Figure 1 shows the dam, a longitudinal section, combined with the view from the downstream; figure 2 is a section aa in figure 1; figure 3 is a section bB in figure 1, case 1 of a shallow channel talik; figure 4 is the same as in figure 3, case 2 deep channel talik; figure 5 is a section CC in figure 3.

A soil dam overlaps the channel of the river 1 (Fig. 1) between its sides, right 2 and left 3, and is built on the permafrost base 4 in severe climatic conditions with a limited amount of high-quality clay (cohesive) soils in explored quarries and during short rainy summers. The dam includes a core 5 (FIG. 2) of cohesive soil, a lateral elevation prism 6 of gravel sand and a lateral lower prism 7 of stone outline. A transition zone 8 is placed between the core 5 and the bottom prism 7. An anti-filtration cloak 9 is placed on the prepared base 4 at the bottom of the dam, which is made waterproof by including a polymer film 10. In the cross section of the dam, the upper part of the polymer film 10 is placed under the core 5 (at least under the bottom half of the base of the core), the largest, medium in size, is under the bottom prism 7, and the bottom is watertightly mated to the frozen base 4 by freezing its edges into the permafrost curtain 11. The film 10 is placed on the underlying layer 12, which within the bottom prism 7 is made of sand, and within the core 5 is made of cohesive soil. On top of the film 10 is covered with a layer 13 of high-strength geotextiles, and within the lower prism 7, the film 10 is additionally covered with a layer 14 of gravel and pebble soil. The permafrost curtain 11 includes the lower part of the embankment 15 made of cohesive soils along the bottom of the lower slope 16. The crest 17 of the embankment 15 rises above the polymer film 10 not less than the seasonal thawing depth of the embankment 15.

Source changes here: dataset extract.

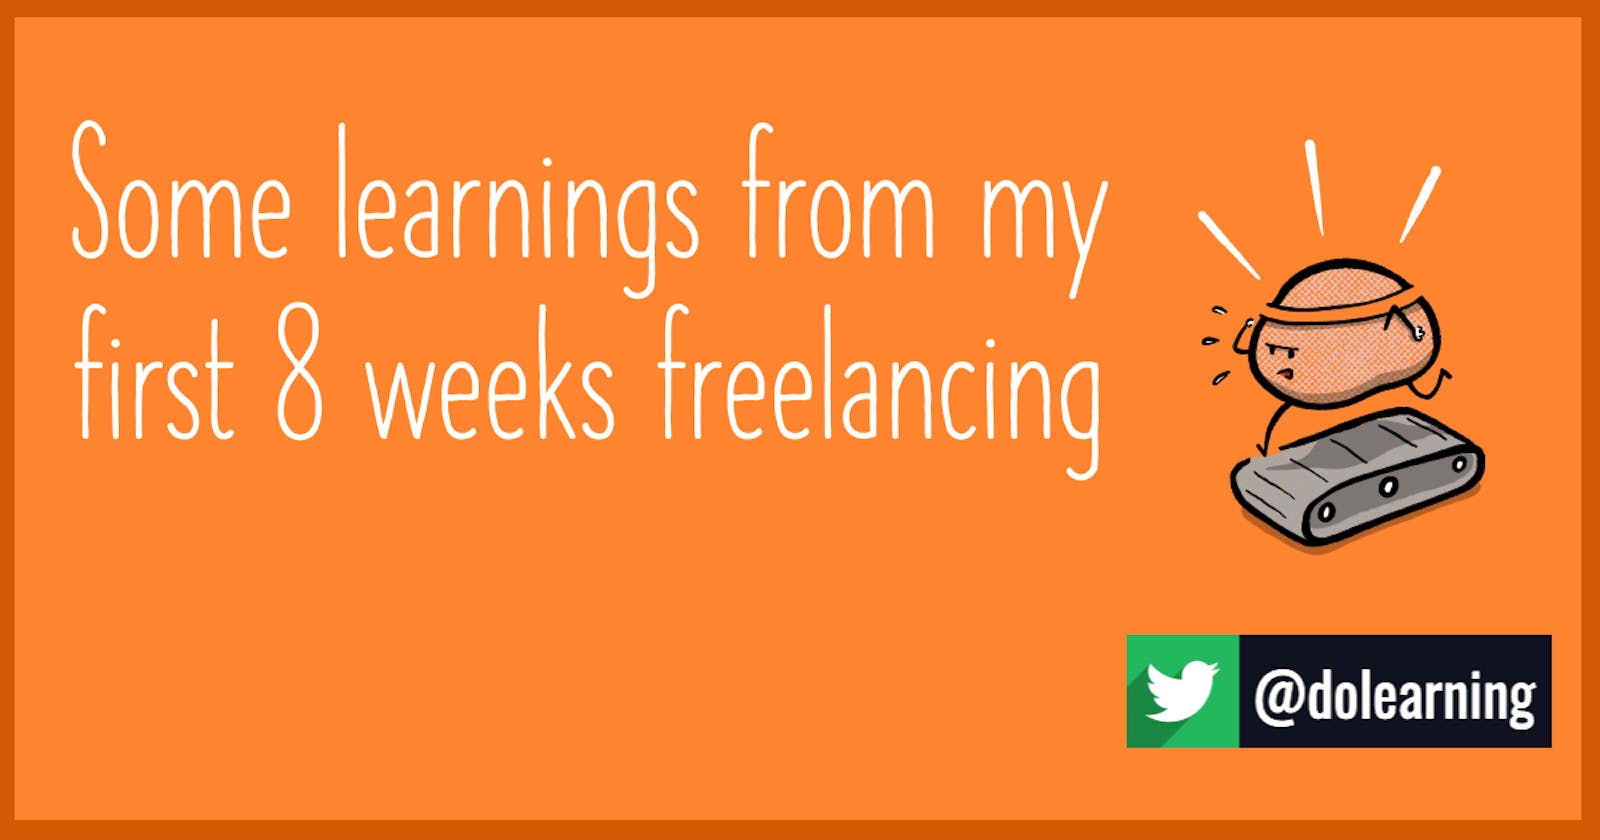 Some learnings from my first 8 weeks freelancing

The permafrost curtain 11 is created by a freezing device in the form of a freezing pipe 18, placed in a trench 19 at its bottom 20. If there is a shallow channel talik 21 at the base of the dam 21 (Fig. 3), with the bottom 22 of which the bottom 20 of the trench 19 is combined (case 1) the freezing device in this section is made in the form of two (or 3) freezing pipes 18, which are tiered in a trench 19, in the case of a deep channel talik 21 (case 2), a frozen curtain 11 created by a freezing pipe 18 on the side of the dam, waterproof it is interfaced with a permafrost curtain 11 created in the section of the channel talik 21 from the crest 17 of the embankment 15 next to the freezing columns 23 (Fig. 4), which are buried with their lower part into the base 4 of the dam to a predetermined depth.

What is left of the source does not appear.